The double crossover is a problem, only because its a double crossover. Its better to seperate them, but if one already has the double crossover, might as well us it!


----------



## sid (Mar 26, 2018)

Thanks magic and lemon,, i don't know why everybody does not like them double cross overs . i love them saves me money and Kato cross overs work great. I never had a problem with them even at full speed they just work. But i have these parts in inventory . i did have the top one separated but i don't have those parts and the wife is already peod at me. This is my first ever big layout. And first ever reverse loops. Why does everybody not like them double cross overs ? I've seen them on real rail roads before. Thank you fella's for ideas and advice.


----------



## DonR (Oct 18, 2012)

Yes, double crossovers can generate reverse loop
problems as we have seen in other layouts. But, here,
the double crossovers are being used as intended,
to connect the two tracks of a double track mainline
just as you see some times on the real railroads. There
is no right rail, left rail conflict that would result in a short
circuit.

Don


----------



## sid (Mar 26, 2018)

DON :: awww i see . i try to not connect them to any turns . i like them in straight track configuration. i just like how they work one switch and it throws every thing plus my trains fly through them with no problems at all.. except for one car (i think it has bad axles )


----------



## furnmkr (Apr 21, 2018)

*2 reverse loops*

I have exactly the same thing you are talking about.....an L-shaped layout with a reversing loop at each end of the layout. I used two PSX-AR boards and everything works great....even worked the first time I ran a train around the layout! Very straight forward to install. The boards also act as a circuit breaker to protect your locomotives and controller/power supply.


----------



## Magic (Jan 28, 2014)

Sid I don't have anything against double crossovers, just though that 
their location might cause reverse loop polarity problems.

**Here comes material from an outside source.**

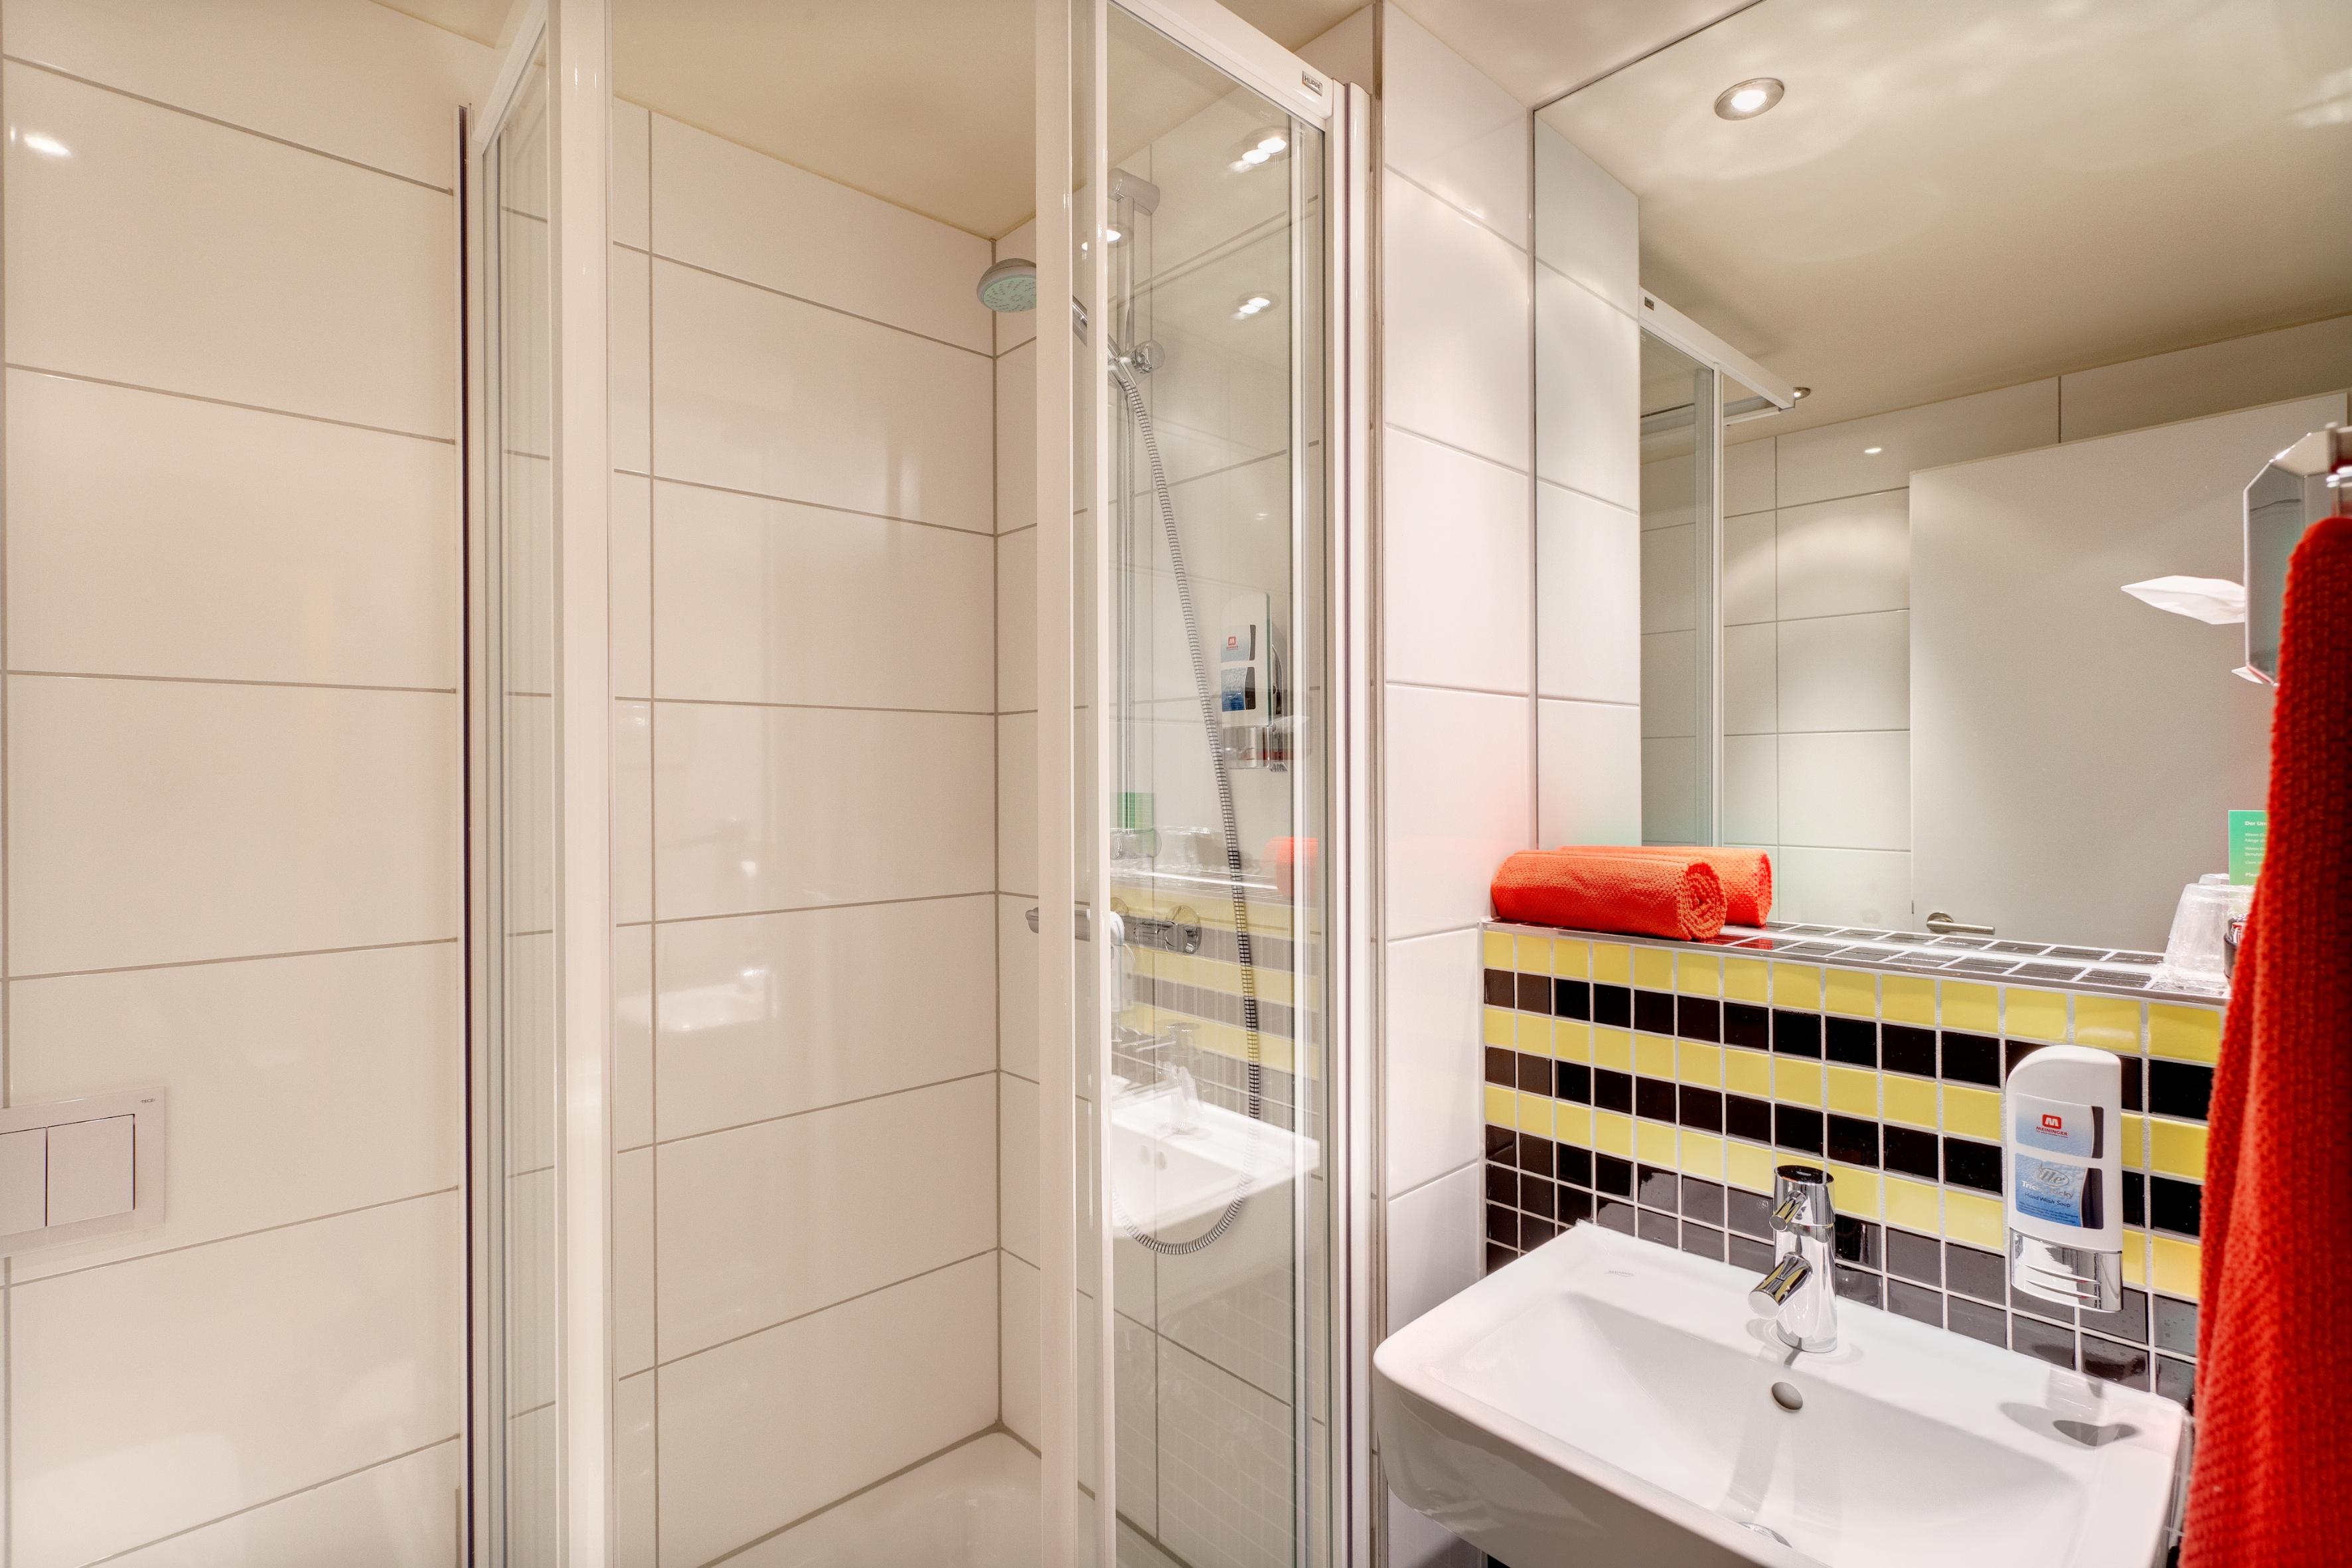 MEININGER Hotel Frankfurt/Main Airport - Multi-bed

I had some on my first layout but they didn't work out, had them too close to grade changes 
but they are nice in the fact you just need to throw one switch and will
alternate loops every time around. Kinda o handy.

Magic


----------



## sid (Mar 26, 2018)

furnmkr said:


> I have exactly the same thing you are talking about.....an L-shaped layout with a reversing loop at each end of the layout. I used two PSX-AR boards and everything works great....even worked the first time I ran a train around the layout! Very straight forward to install. The boards also act as a circuit breaker to protect your locomotives and controller/power supply.

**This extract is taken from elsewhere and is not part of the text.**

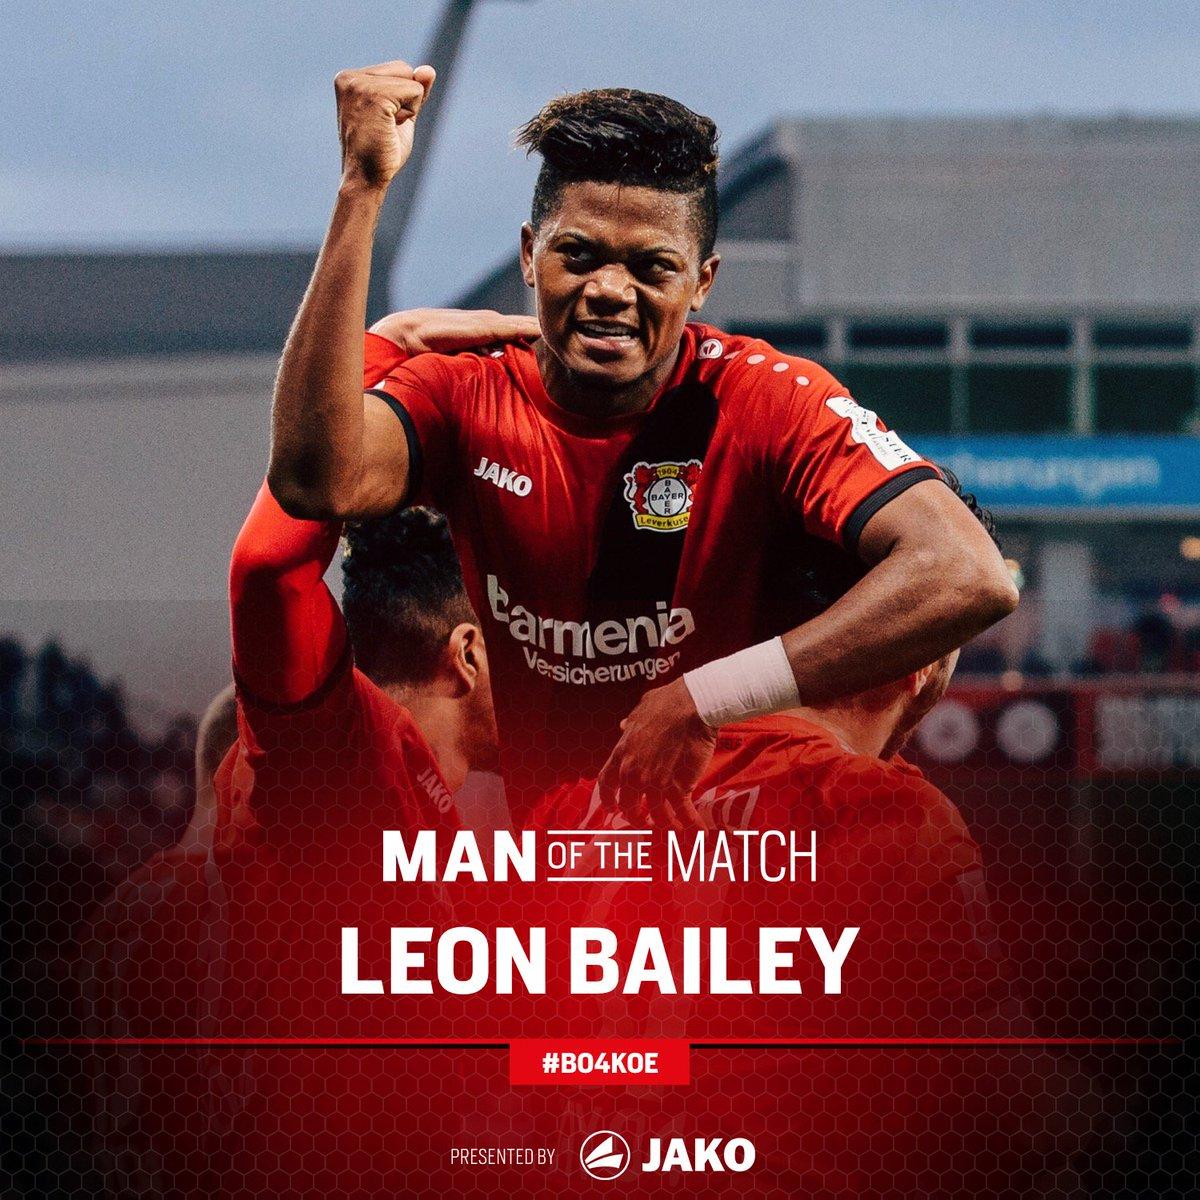 RT @bayer04fussball: .@leonbailey war euer Spieler des Derbys! 💪   #B04KOE https://t.co/TPbeAjGGba

aww cool Thank You. ill have to wait for funds to get me a couple. probaly after i get the layout on tables/ wall shelves type tables . not sure yet on that part on the build.
But Thank You:smilie_daumenpos:


----------



## sid (Mar 26, 2018)

Magic said:


> Sid I don't have anything against double crossovers, just though that
> their location might cause reverse loop polarity problems.
> 
> I had some on my first layout but they didn't work out, had them too close to grade changes
> ...


hahahaha no worries. i've had a lot of people say they just dont like them hahahaha, me i've had absolutely O problems with mine , But i use only Kato track. Never had any at or on a grade or any thing like that. maybe when my skills get better ill make some kinda grades. everything i have is flat . i did play with some grades in scarm while i was learning how to use it. (still learning ) hahaha


----------